Ее глаза, большие и темные, как спелые сливы, смотрели на него с безграничным доверием и тихим счастьем. Она была невысока, миловидна, с мягкими чертами лица, излучавшими спокойствие, столь контрастирующее с кипучей энергией Чарльза. Ее рука в его руке казалась хрупкой, но Чарльз чувствовал в ней опору.

После венчания началась их общая жизнь – жизнь, полная бедности, но переполненная счастьем. Поселились в трех комнатах, некогда бывших пристанищем холостяка. Их настоящим гнездом, первым настоящим домом, стал Даути- стрит 48.

Они въехали туда в 1837 году, когда успех «Посмертных Записок Пиквикского клуба» уже позволил Чарльзу арендовать целый дом. Это был добротный, солидный георгианский особняк с черной дверью и белыми ступенями.

Для Чарльза, чье детство прошло в долговой тюрьме и жалких съемных углах, это был символ невероятного достижения. Для Кэтрин – место, где она могла создать очаг для своего блестящего, но порывистого мужа. Комнаты на Даути-стрит быстро наполнились смехом, суетой и творческим хаосом. Кэтрин, хозяйственная и заботливая, превращала дом в уютное убежище.

Она обладала настоящим талантом к ведению хозяйства и, что было особенно ценно для Чарльза, к кулинарии. Её книга «Что у нас будет на обед?» станет бестселлером. «Моя дорогая Кэт»,– писал он ей в редкие разлуки, и каждый раз в этих словах звучала нежность. «Дом кажется пустым без тебя, как будто в нем вынесли всю мебель и вымели всю душу».

Кэтрин была его первой читательницей, его тихим критиком, его музой.
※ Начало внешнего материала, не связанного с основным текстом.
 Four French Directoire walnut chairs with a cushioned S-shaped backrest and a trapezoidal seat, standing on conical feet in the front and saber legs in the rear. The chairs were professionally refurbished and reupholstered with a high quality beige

Ее мягкость, ее женственность, ее преданность ложились в основу образов его героинь – Розы Мэйли в «Оливере Твисте», маленькой Нелл в «Лавке древностей».
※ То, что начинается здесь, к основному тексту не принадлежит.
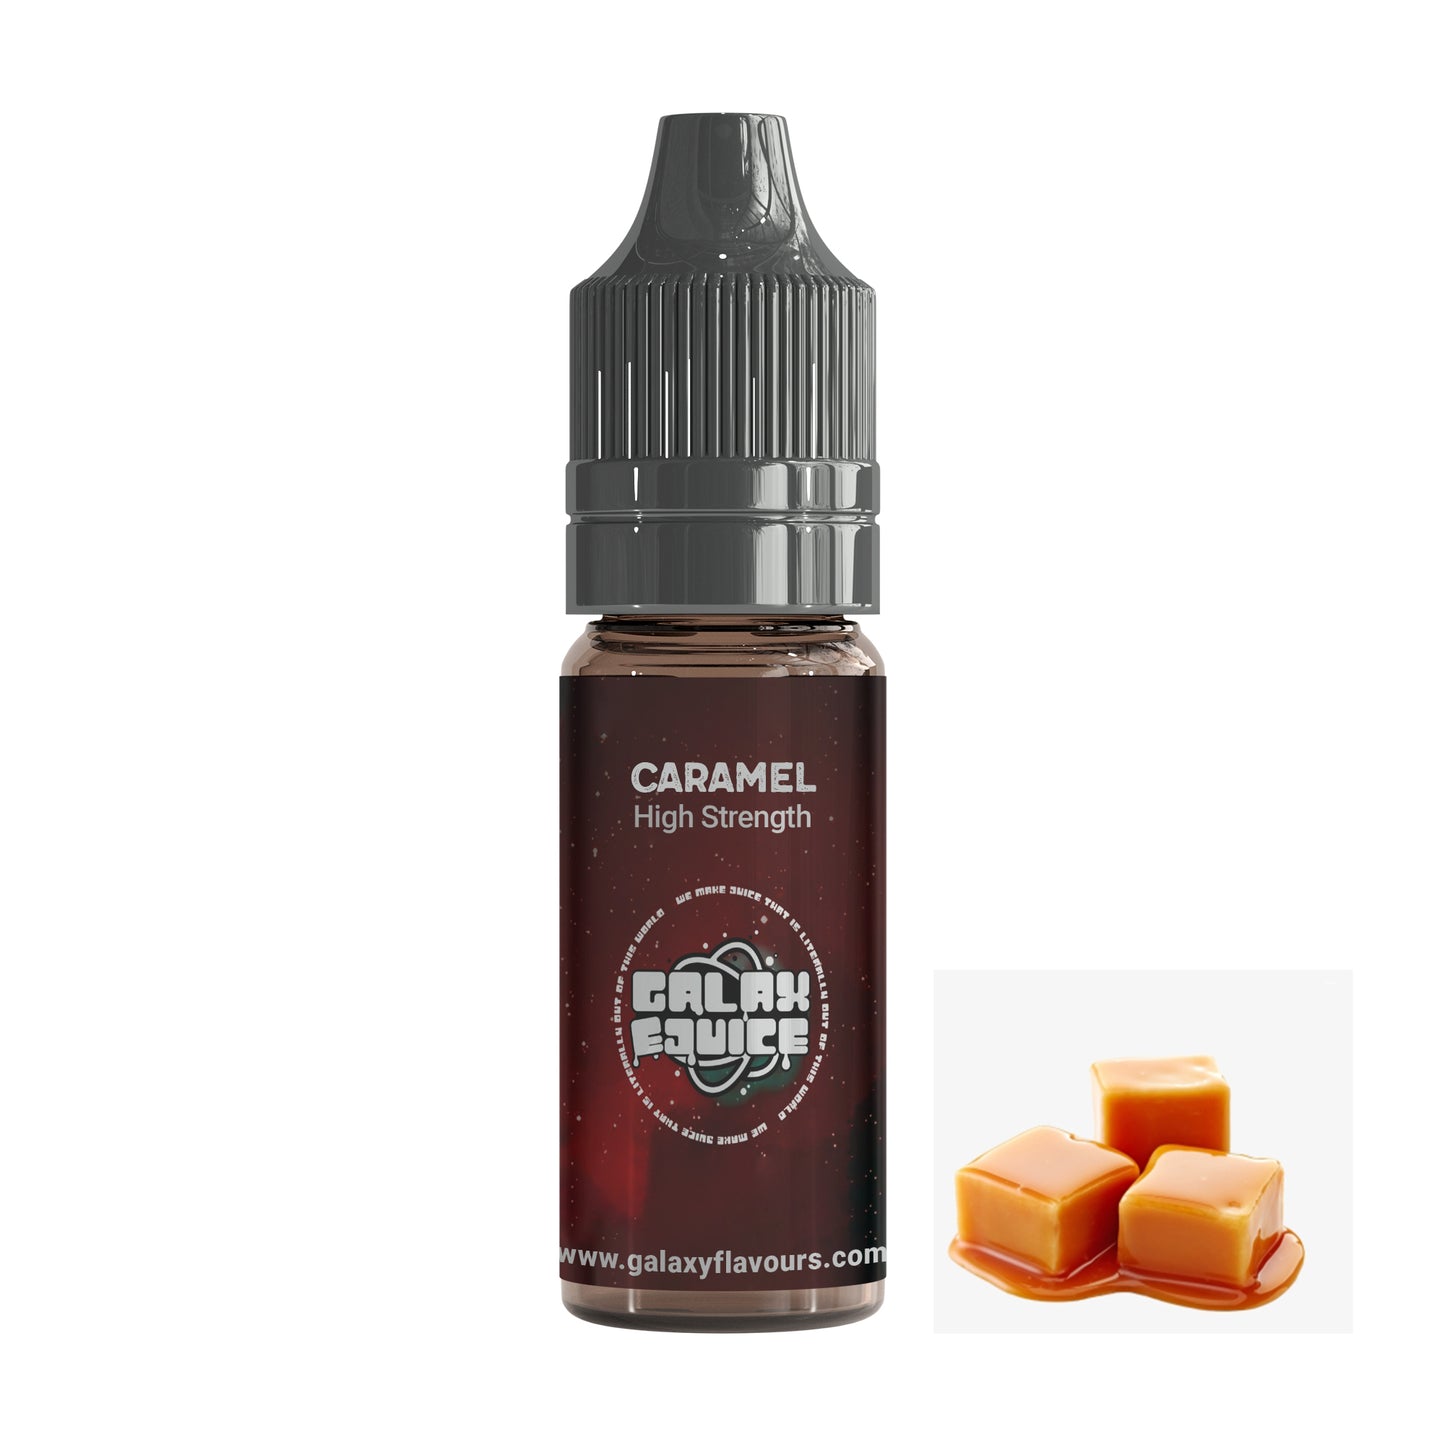 Caramel High Strength Professional Flavouring.

Он видел в ней воплощение домашнего очага, которого ему так не хватало в детстве. Она же смотрела на него с восхищением, смешанным с легкой тревогой за его неистовую работоспособность. Она умела успокоить его внезапные приступы меланхолии или раздражения, которых было немало, простым прикосновением или тихим словом.

Их счастье множилось. В 1837 году родился их первенец, Чарльз-младший, или Чарли. Потом, словно по волшебству, последовали Мэми, Кэти, Уолтер, Фрэнсис… Детский смех и плач стали неотъемлемой частью симфонии дома на Даути-стрит.

Чарльз, несмотря на свою вечную занятость, обожал детей. Он мог неожиданно ворваться в детскую, устроить шумную возню, рассказать захватывающую историю, выдуманную на ходу, или просто посидеть с младенцем на руках, укачивая его и нашептывая что-то ласковое, пока перо ждало своего часа на столе.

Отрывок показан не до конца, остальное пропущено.